Government streamlining Medicare coverage for cancer test
Medicare beneficiaries may get speedier coverage for a newly approved screening test for colorectal cancer under a pilot project in which two federal agencies reviewed the product at the same time instead of one after the other.
The Cologuard test, which detects the presence of DNA mutations that may be cancers in the stool, was approved by the Food and Drug Administration this week. The same day, the Centers for Medicare& Medicaid Services issued a proposal to cover the test once every three years in asymptomatic people over age 50 who are at average risk for the disease.
It’s the first time the agencies have undertaken a parallel review, and it could trim up to six months off the time it takes to offer Medicare coverage for a medical device, according to Nancy Stade, deputy director for policy at the FDA’s Center for Devices and Radiological Health in the FDA news release.
Although CMS has proposed covering the test, a final decision won’t be made until after a 30-day comment period.
Advocates say parallel review could be good for patients. "The American Cancer Society Cancer Action Network is in support of the parallel review process as it has the potential to accelerate access to evidence-based tests," says Mona Shah, associate director of federal affairs for the group. The organization, however, hasn’t taken a position on the new test yet.

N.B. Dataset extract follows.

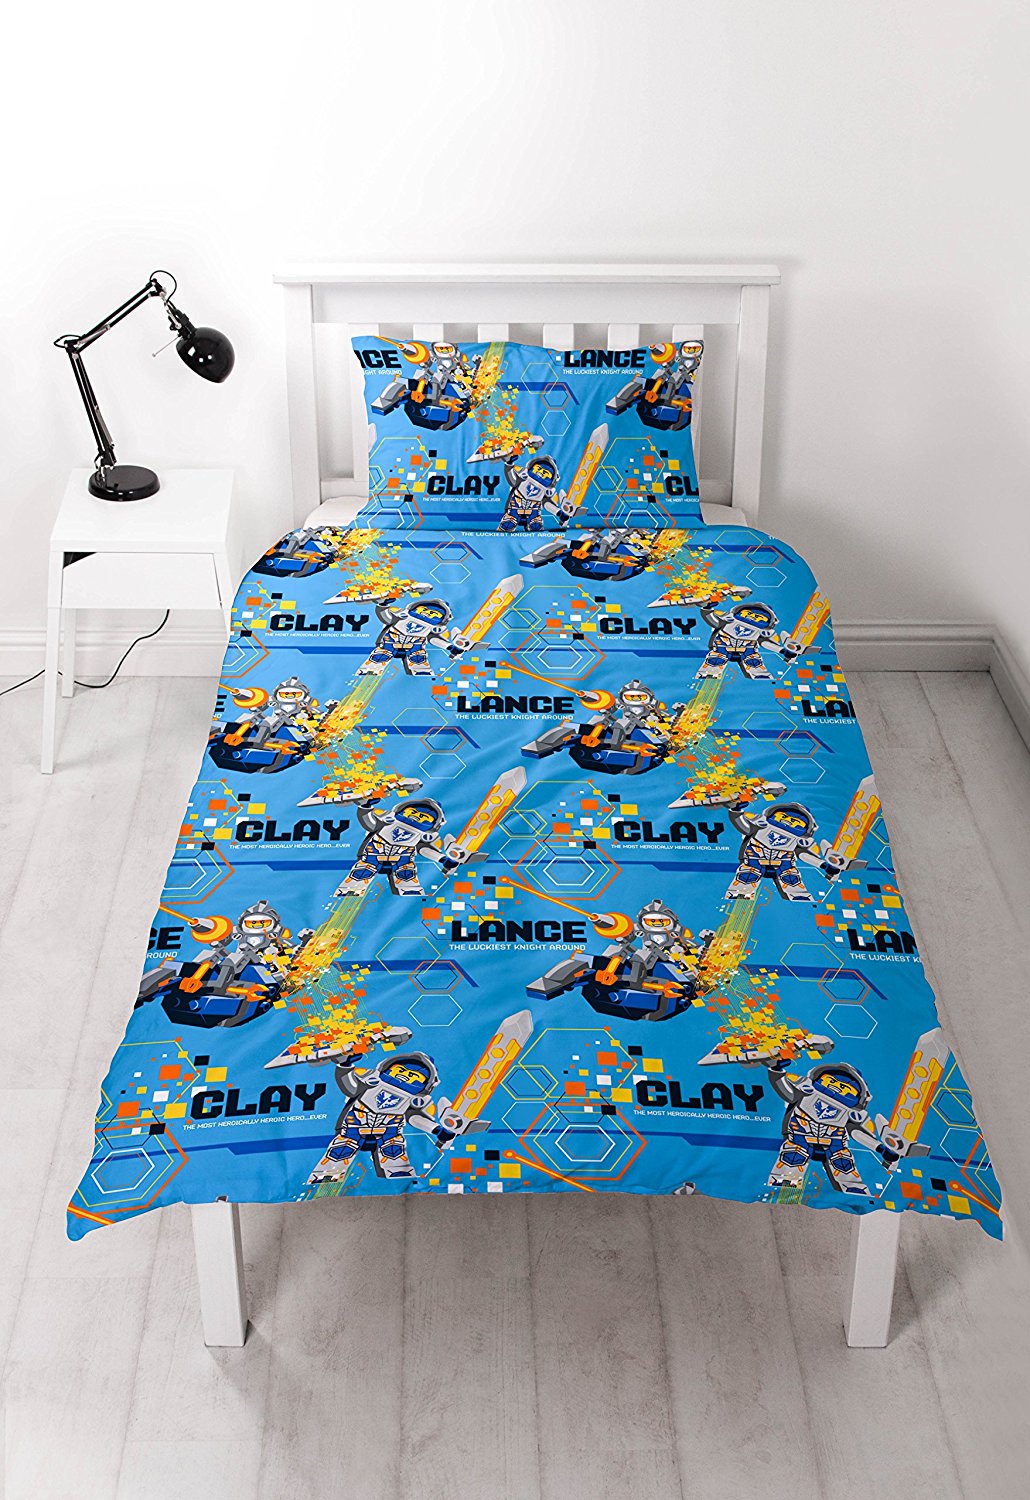 Lego Nexo Knights Rotary Single Bed Duvet Quilt Cover Set

If Medicare covers the test, private insurers will generally follow suit, say experts. The new test will reportedly cost between $500 and $600.
The U.S. Preventive Services Task Force, which under the health law determines which preventive treatments should be covered by private health plans without cost sharing, said in 2008 there was not enough evidence to recommend DNA screening for colorectal cancer at that time. Some advocates expect the task force to re-evaluate its recommendation in the near future.
In a clinical trial, Colorguard detected 92 percent of colorectal cancers and 42 percent of advanced adenomas, large polyps that are more likely than small polyps to lead to cancer. A traditional (fecal occult) stool test was less accurate, detecting 74 percent of cancers and 24 percent of advanced adenomas. A consumer using Cologuard would receive a kit from the manufacturer, collect a stool sample at home and mail it in the kit to the Cologuard maker. If a Cologuard test comes back positive, patients are advised get a diagnostic colonoscopy.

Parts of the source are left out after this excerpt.